A few years ago I wrote a blog about which of the Platonic solids was most spherical. I compared which ones had the most volume inscribed into a unit sphere, and the which had the smallest volume when circumscribed about a unit sphere. Surprisingly I got different answers to the two methods, and lots of good mathematical comments about why this might be so. Then a short while ago (July 2015) I posted it again. As part of a tongue-in-cheek exchange with Adam Spencer ‏@adambspencer I challenged him to find the roundest of the thirteen Archimedean Solids.
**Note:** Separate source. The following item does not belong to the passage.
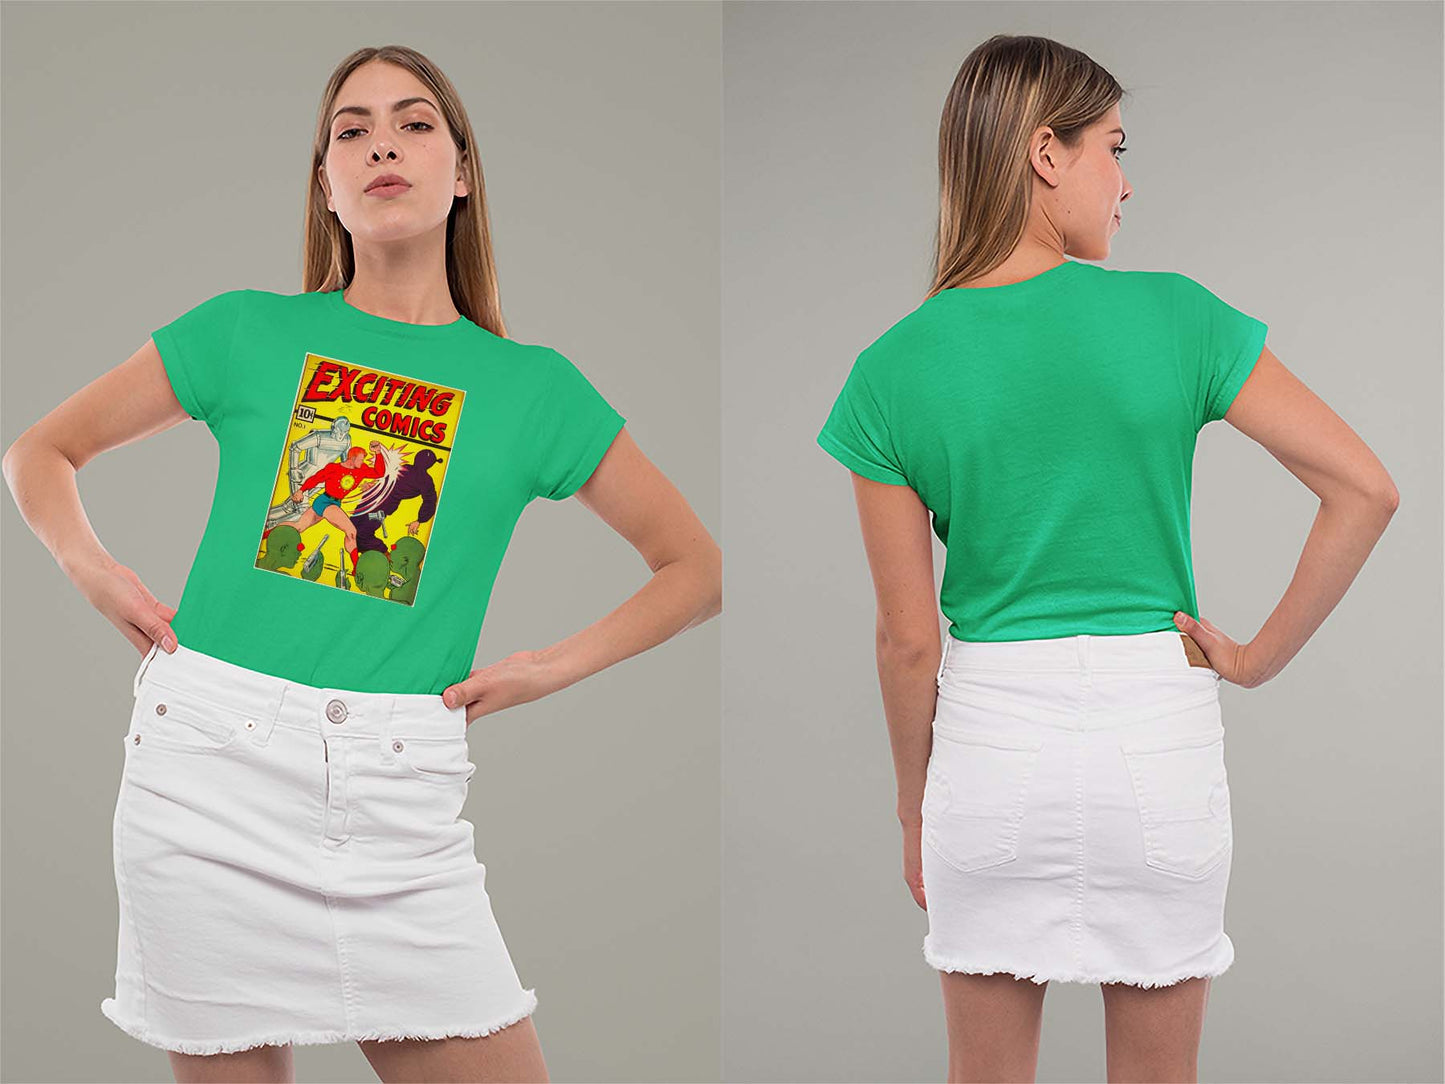 Exciting Comics No.1 Ladies Crew (Round) Neck Shirt Small Irish Green
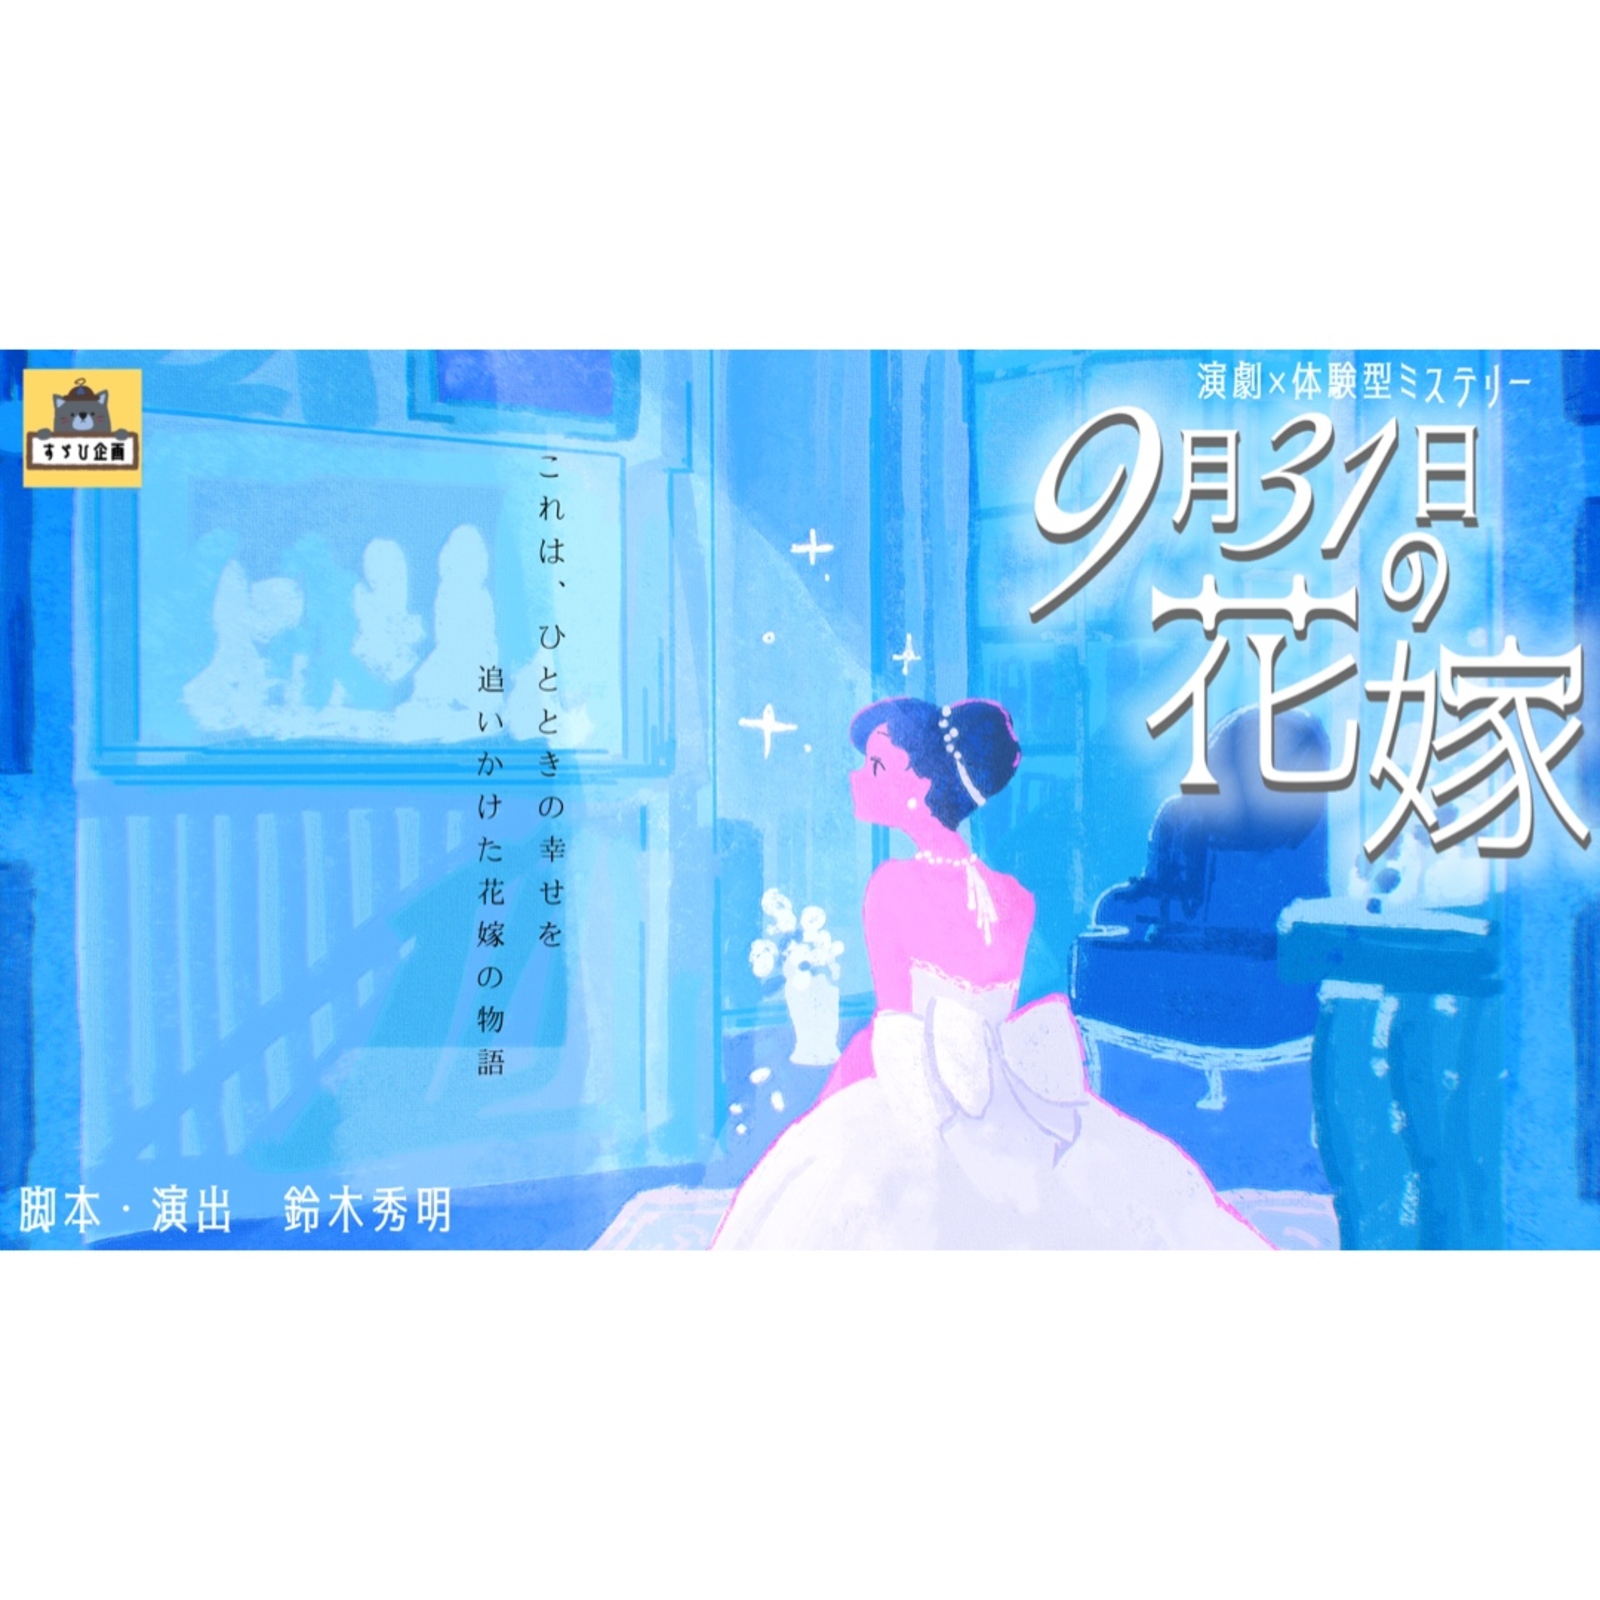 【吉祥寺】演劇×体験型ミステリー『9月31日の花嫁』

For those who are not familiar with the distinction, both the Platonic and Archimedean solids are made of up faces that are regular polygons, and both have the property that the view at each vertex is identical to every other, but where the Platonic solids consist of only a single type of regular polygon, (for example the tetrahedron is made up of four equilateral triangles), the Archimedean solids may have more than one (in the cubeoctahedron each vertex is surrounded by two squares and two equilateral triangles).

Then only a day or so later, I got to wondering about the actual answer and started doing some research. Along the way I found a couple of papers on the topic, one of which was published earlier in the same month I began my search for the Platonic Solids Sphere-ness. What was great was that they re-exposed me to a formula for comparing according to George Polya from his Mathematics and Plausible Reasoning: Patterns of plausible inference. I sheepishly admit that I had read this book ( it's on my bookcase nos) several times years ago, but somehow this didn't pop up when I was thinking of the Platonic solids.

The problem of comparing the ratio of the numerical values of the surface area to the volume is that the answer changes over size. In a sphere, for instance, if the radius is one, then the volume is 4 pi/3, and the surface area is 4pi, so the V= 1/3 SA. Now increase the radius to three units and the volume is 36 pi, and the surface area is also 36 pi, Now V = SA, and if we keep making the radius bigger, the volume becomes larger than the surface area, in fact the ratio of Volume to surface area can be reduced to $\frac{V}{SA} = \frac{r}{3}$. Now that kind of thing happens with all the solids, the larger the volume gets, the larger the ratio of V to SA gets. It is one of those things that amazes students (and well it should) that for any solid, there is some scalar multiplication which will transform it into a solid with Volume = Surface Area.  In this sense, every solid is isoperimetric (same measure)

So Polya found a way to neutralize this growth. He created an "Isoperimetric Quotient" that served to null out this scalar alteration. By setting the IQ = $\frac{36 \pi V^2}{S^3}$ With this weapon he was able to compare, for instance, the "roundness" of the Platonic Solids. Try this with any sphere and you always get one. Try it with anything else, you always get less than one.

The IQ of the Platonic Solids follows the number of faces, with the tetrahedron at the bottom with an IQ of about .3 and the icosahedron at the top with an IQ of about .8288.

SO what about the Archimedian Solids? Well here they are
TruncatedTetrahedron...... 0.4534
TruncatedOctahedron ....... 0.749
TruncatedCube ............. 0.6056
TruncatedDodecahedron ..... 0.7893
TruncatedIcosahedron ...... 0.9027
Cuboctahedron ............. 0.7412
Icosidodecahedron ......... 0.8601
SnubCube .................. 0.8955
SnubDodecahedron .......... 0.94066
Rhombicuboctahedron ....... 0.8669
TruncatedCuboctahedron .... 0.8186
Rhombicosidodecahedron .... 0.9357
TruncatedIcosidodecahedron. 0.9053

So the roundness winner is the snubdodecahedron, with a pentagon and four equilateral triangles around each vertex. That is four 60o angles and one of 108o for a total of 348o.  Students might check if any other of the Archimedean solids can top that.  Is that "flatness" at vertices somehow related to "roundness"? I have to admit I first thought it might be the truncated icosahedron.  Students may have heard of this one more than others.  A molecule of C-60, or a “Buckyball”, consists of 60 carbon atoms arranged at the vertices of a truncated icosahedron.  It's roundness is a feature of many of its applications, but it only comes in fourth.